As of now, many banks are offering attractive personal loan rates, though the final rate depends on the borrower’s credit profile, income stability, and employer category.

  • Bank of Maharashtra: Starting at 9.00%

  • HDFC Bank: 9.99% to 24.00%

  • Axis Bank: 9.99% to 22.00%

  • IDFC First Bank: Starting at 9.99%

  • SBI: 10.05% to 15.05%

  • Bank of Baroda: Starting at 10.40%

  • ICICI Bank: 10.45% to 16.50%

  • IndusInd Bank: Starting at 10.49%

  • PNB: Floating from 10.60%, fixed from 11.60%

  • Kotak Mahindra Bank: Starting at 10.99%

Processing fees typically range from 0.35% to 5% of the loan amount, depending on the bank and customer category.

How Do Banks Decide Personal Loan Interest Rates?

Banks evaluate several factors before offering a personal loan rate:

  • Credit score and repayment history

  • Existing debt obligations

  • Income level and job stability

  • Employer profile (government, PSU, MNC, or private firm)

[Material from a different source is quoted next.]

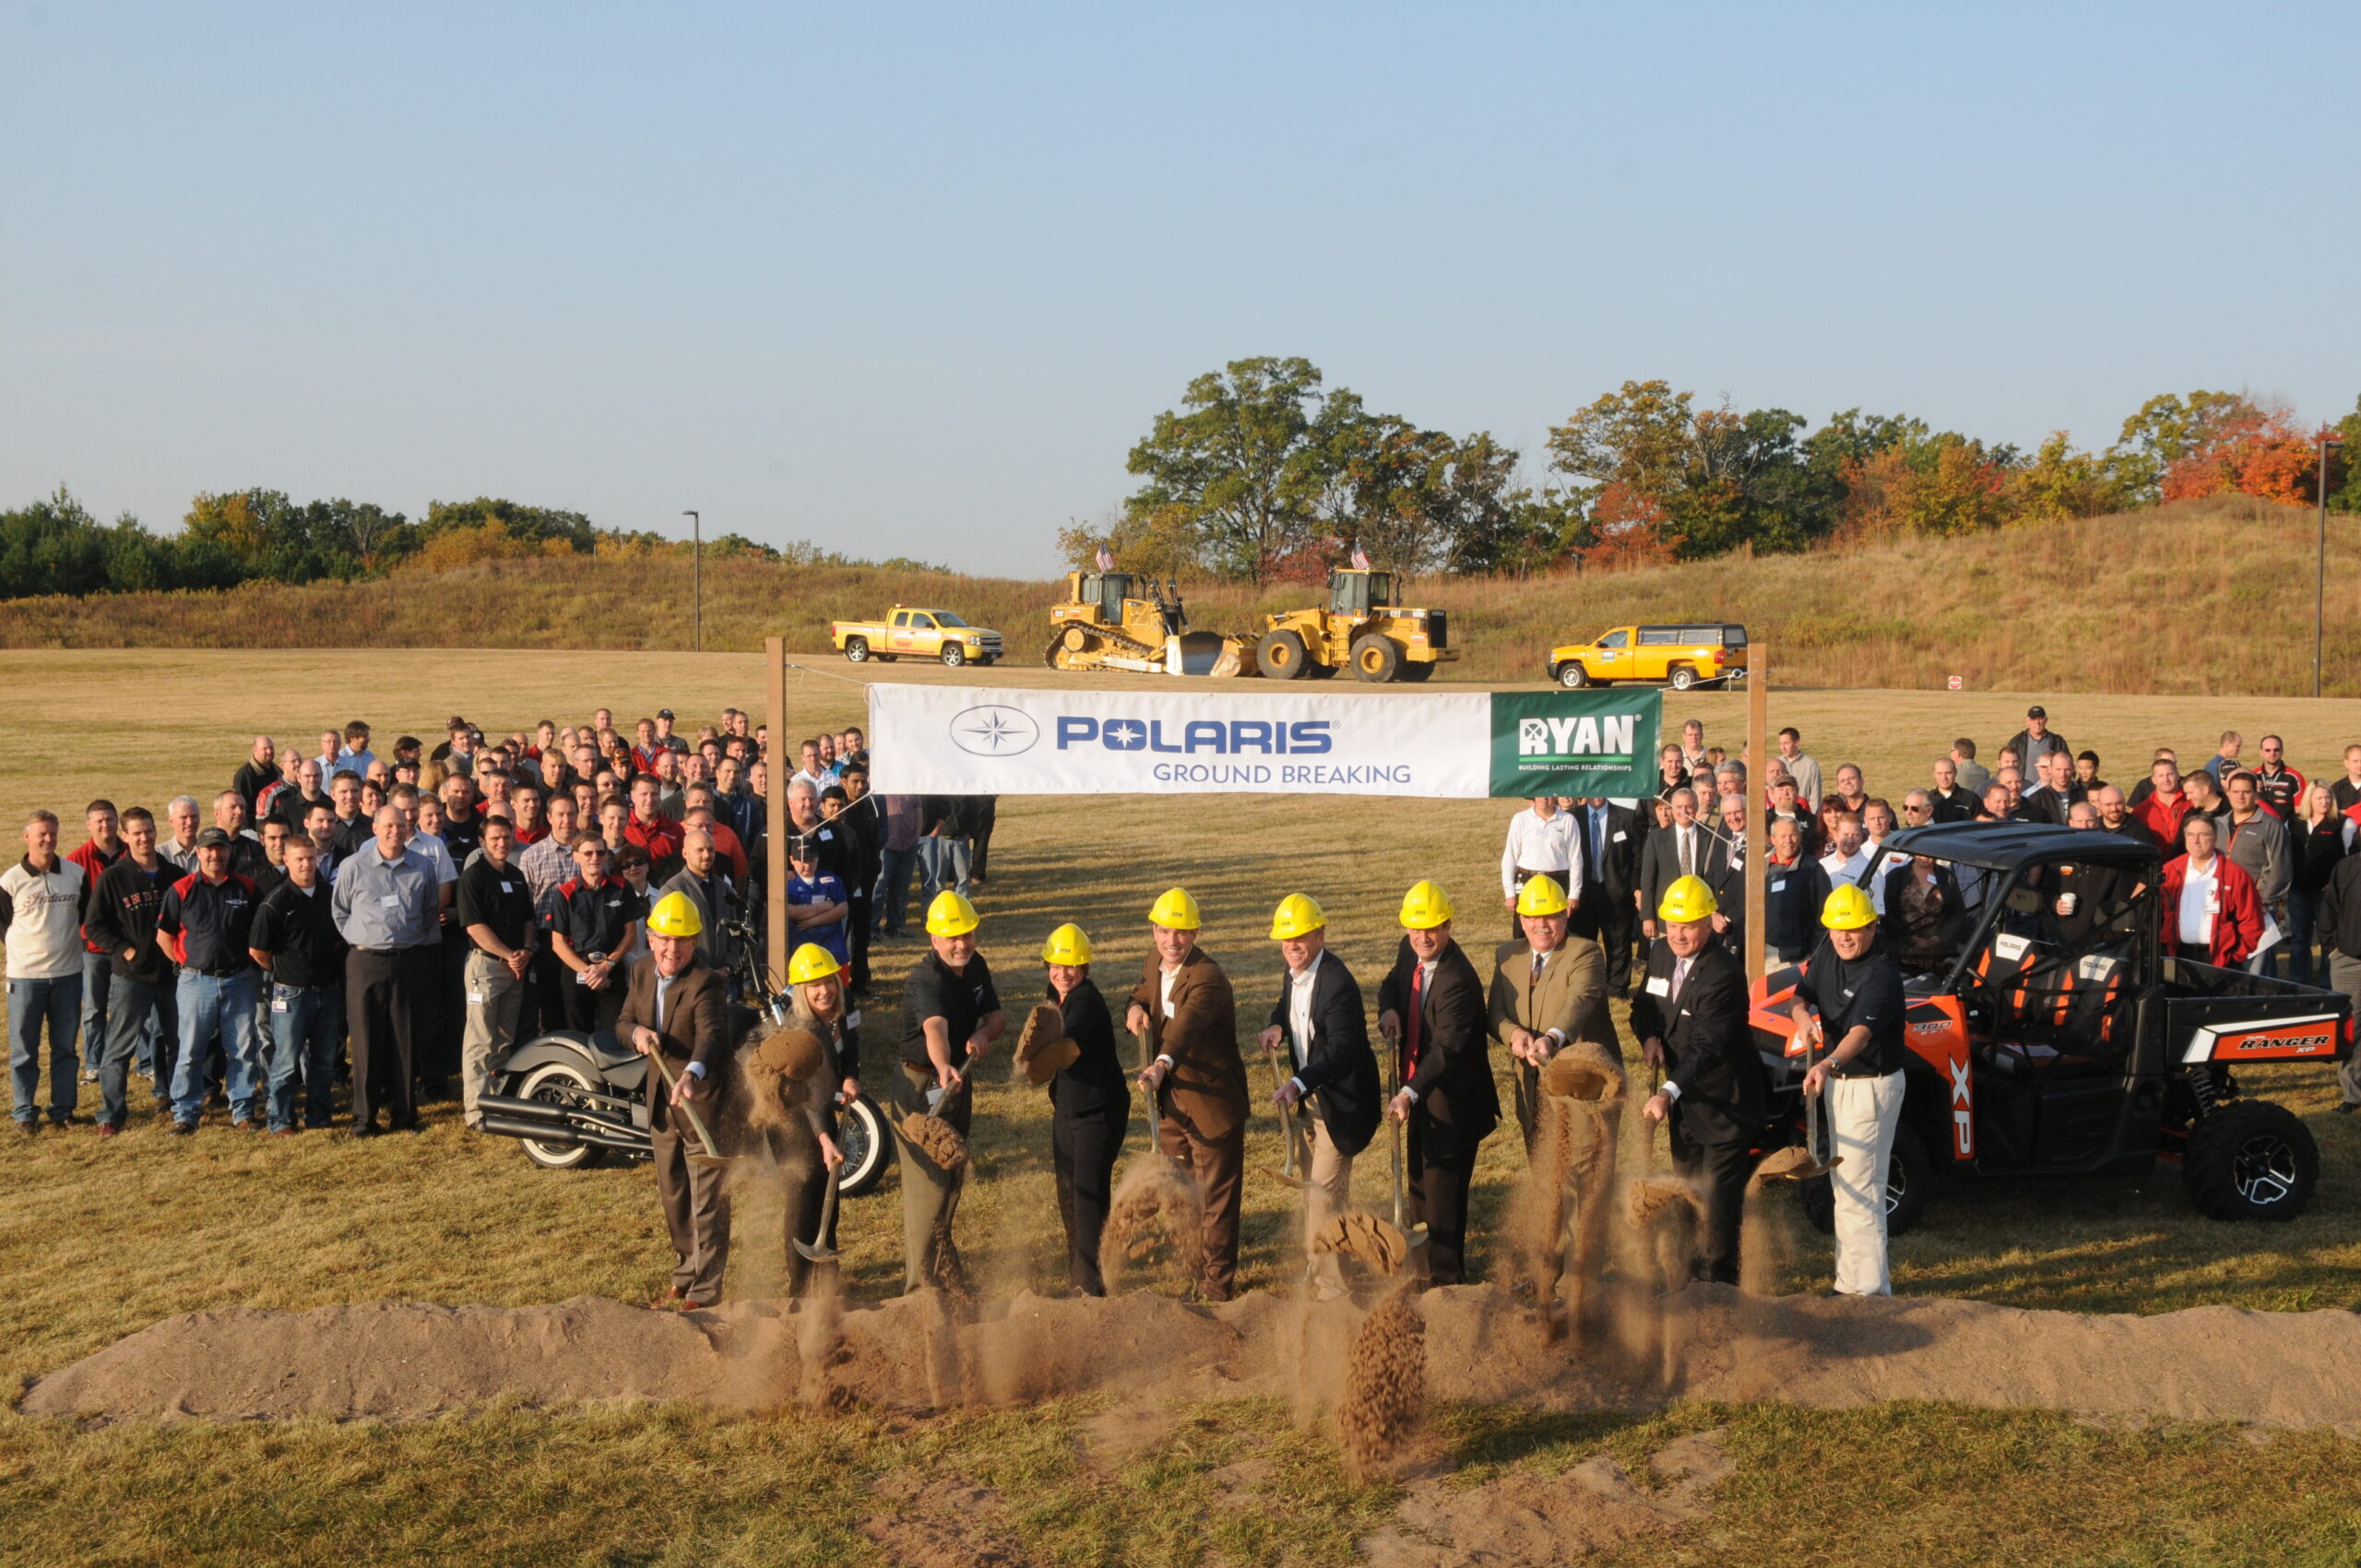 Polaris Breaks Ground On Major Facility Expansion – Company’s Product Development Center In Wyoming, Minn. Will More Than Double In Square Footage

  • Loan amount and tenure

Since personal loans carry no collateral, banks use risk-based pricing to protect themselves from potential defaults.

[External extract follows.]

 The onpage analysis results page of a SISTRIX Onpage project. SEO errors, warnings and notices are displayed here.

Why Personal Loans Are Not Linked to Repo Rate or MCLR

Unlike home or auto loans, personal loans are generally not linked to repo rate-based benchmarks (RLLR) or MCLR. The RBI has exempted unsecured loans like personal loans and credit cards from mandatory external benchmarking due to their higher risk nature and shorter tenure, usually between 1 and 5 years.

Why Fixed-Rate Personal Loans Are More Popular

Even though floating-rate personal loans exist, fixed-rate loans dominate the market. Borrowers prefer them because EMIs remain predictable throughout the loan tenure. Given the already higher interest rates on personal loans, customers prefer certainty over the risk of future rate hikes.

Banks, too, favor fixed rates to safeguard their margins in an uncertain interest rate environment.

Bottom Line

Thanks to RBI’s rate cuts, 2025 has turned into a favorable year for personal loan borrowers. With several banks offering rates near 9.9%, individuals with strong credit profiles can secure loans at significantly lower costs than last year. However, borrowers should still compare interest rates, processing fees, and loan terms carefully before making a decision.